Segment Open

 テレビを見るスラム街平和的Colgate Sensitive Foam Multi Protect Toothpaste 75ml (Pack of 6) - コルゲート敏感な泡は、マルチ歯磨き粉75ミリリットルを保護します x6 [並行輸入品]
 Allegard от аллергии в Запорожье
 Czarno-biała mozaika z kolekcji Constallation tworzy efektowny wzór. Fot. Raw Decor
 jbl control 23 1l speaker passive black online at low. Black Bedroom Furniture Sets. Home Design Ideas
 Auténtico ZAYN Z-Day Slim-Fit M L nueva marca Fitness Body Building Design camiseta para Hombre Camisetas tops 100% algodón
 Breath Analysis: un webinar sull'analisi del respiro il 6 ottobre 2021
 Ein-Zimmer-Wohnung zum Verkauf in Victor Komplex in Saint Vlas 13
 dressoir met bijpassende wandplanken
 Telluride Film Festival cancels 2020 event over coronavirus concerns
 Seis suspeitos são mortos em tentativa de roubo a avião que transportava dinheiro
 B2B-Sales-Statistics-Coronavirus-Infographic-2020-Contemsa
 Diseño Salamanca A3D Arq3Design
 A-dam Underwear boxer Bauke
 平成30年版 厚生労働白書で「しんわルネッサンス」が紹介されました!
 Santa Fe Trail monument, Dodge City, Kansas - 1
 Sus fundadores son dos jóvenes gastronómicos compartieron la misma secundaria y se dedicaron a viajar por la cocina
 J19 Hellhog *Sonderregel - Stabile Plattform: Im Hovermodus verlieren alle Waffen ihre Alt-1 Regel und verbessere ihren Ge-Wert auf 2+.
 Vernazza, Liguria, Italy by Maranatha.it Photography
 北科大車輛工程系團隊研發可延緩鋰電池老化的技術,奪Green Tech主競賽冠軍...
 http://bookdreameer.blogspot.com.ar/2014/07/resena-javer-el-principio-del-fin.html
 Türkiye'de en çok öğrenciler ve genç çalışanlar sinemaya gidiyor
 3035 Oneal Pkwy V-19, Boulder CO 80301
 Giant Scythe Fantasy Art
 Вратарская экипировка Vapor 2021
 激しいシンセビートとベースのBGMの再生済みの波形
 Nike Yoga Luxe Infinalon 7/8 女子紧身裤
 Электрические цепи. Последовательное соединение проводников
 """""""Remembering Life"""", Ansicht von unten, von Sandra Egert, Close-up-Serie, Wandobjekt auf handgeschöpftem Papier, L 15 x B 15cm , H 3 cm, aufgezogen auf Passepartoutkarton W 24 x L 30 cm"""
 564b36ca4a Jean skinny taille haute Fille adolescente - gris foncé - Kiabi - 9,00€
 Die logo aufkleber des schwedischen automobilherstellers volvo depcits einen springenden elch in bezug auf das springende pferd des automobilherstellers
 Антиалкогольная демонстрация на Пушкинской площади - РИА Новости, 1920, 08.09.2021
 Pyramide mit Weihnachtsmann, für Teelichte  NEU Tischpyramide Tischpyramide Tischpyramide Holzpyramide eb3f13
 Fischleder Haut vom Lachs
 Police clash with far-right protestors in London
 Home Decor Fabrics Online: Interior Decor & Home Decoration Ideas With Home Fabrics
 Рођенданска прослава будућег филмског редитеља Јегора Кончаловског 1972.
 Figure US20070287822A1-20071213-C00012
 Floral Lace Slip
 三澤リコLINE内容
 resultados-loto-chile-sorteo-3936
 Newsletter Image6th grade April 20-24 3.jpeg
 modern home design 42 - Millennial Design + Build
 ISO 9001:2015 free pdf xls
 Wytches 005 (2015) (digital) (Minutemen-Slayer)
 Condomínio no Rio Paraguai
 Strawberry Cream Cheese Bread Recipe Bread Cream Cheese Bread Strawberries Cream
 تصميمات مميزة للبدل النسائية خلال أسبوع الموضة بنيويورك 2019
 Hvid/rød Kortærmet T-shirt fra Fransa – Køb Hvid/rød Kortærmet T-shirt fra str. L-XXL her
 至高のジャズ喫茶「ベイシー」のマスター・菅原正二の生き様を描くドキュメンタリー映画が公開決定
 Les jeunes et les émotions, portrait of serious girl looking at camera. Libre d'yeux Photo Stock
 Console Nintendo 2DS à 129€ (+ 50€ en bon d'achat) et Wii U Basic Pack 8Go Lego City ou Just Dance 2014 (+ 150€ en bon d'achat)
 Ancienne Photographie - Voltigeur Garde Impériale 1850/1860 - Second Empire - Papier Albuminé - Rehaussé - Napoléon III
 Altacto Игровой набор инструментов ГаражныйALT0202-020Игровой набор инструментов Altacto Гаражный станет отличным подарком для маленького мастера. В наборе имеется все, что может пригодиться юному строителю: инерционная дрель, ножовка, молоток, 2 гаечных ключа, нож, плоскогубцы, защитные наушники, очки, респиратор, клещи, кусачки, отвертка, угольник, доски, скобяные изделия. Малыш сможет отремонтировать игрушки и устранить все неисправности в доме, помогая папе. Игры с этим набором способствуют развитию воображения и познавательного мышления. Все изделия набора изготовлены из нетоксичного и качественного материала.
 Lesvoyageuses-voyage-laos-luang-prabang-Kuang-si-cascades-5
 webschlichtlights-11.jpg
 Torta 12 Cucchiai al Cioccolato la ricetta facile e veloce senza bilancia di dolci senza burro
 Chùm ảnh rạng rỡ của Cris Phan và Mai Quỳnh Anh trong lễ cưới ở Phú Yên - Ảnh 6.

Segment Closed

> WHAT THE TASK ASKS:
Please return exactly the lines from the first line of the material through the one with "dressoir met bijpassende wandplanken", and no lines after it.

> RESULT:
 テレビを見るスラム街平和的Colgate Sensitive Foam Multi Protect Toothpaste 75ml (Pack of 6) - コルゲート敏感な泡は、マルチ歯磨き粉75ミリリットルを保護します x6 [並行輸入品]
 Allegard от аллергии в Запорожье
 Czarno-biała mozaika z kolekcji Constallation tworzy efektowny wzór. Fot. Raw Decor
 jbl control 23 1l speaker passive black online at low. Black Bedroom Furniture Sets. Home Design Ideas
 Auténtico ZAYN Z-Day Slim-Fit M L nueva marca Fitness Body Building Design camiseta para Hombre Camisetas tops 100% algodón
 Breath Analysis: un webinar sull'analisi del respiro il 6 ottobre 2021
 Ein-Zimmer-Wohnung zum Verkauf in Victor Komplex in Saint Vlas 13
 dressoir met bijpassende wandplanken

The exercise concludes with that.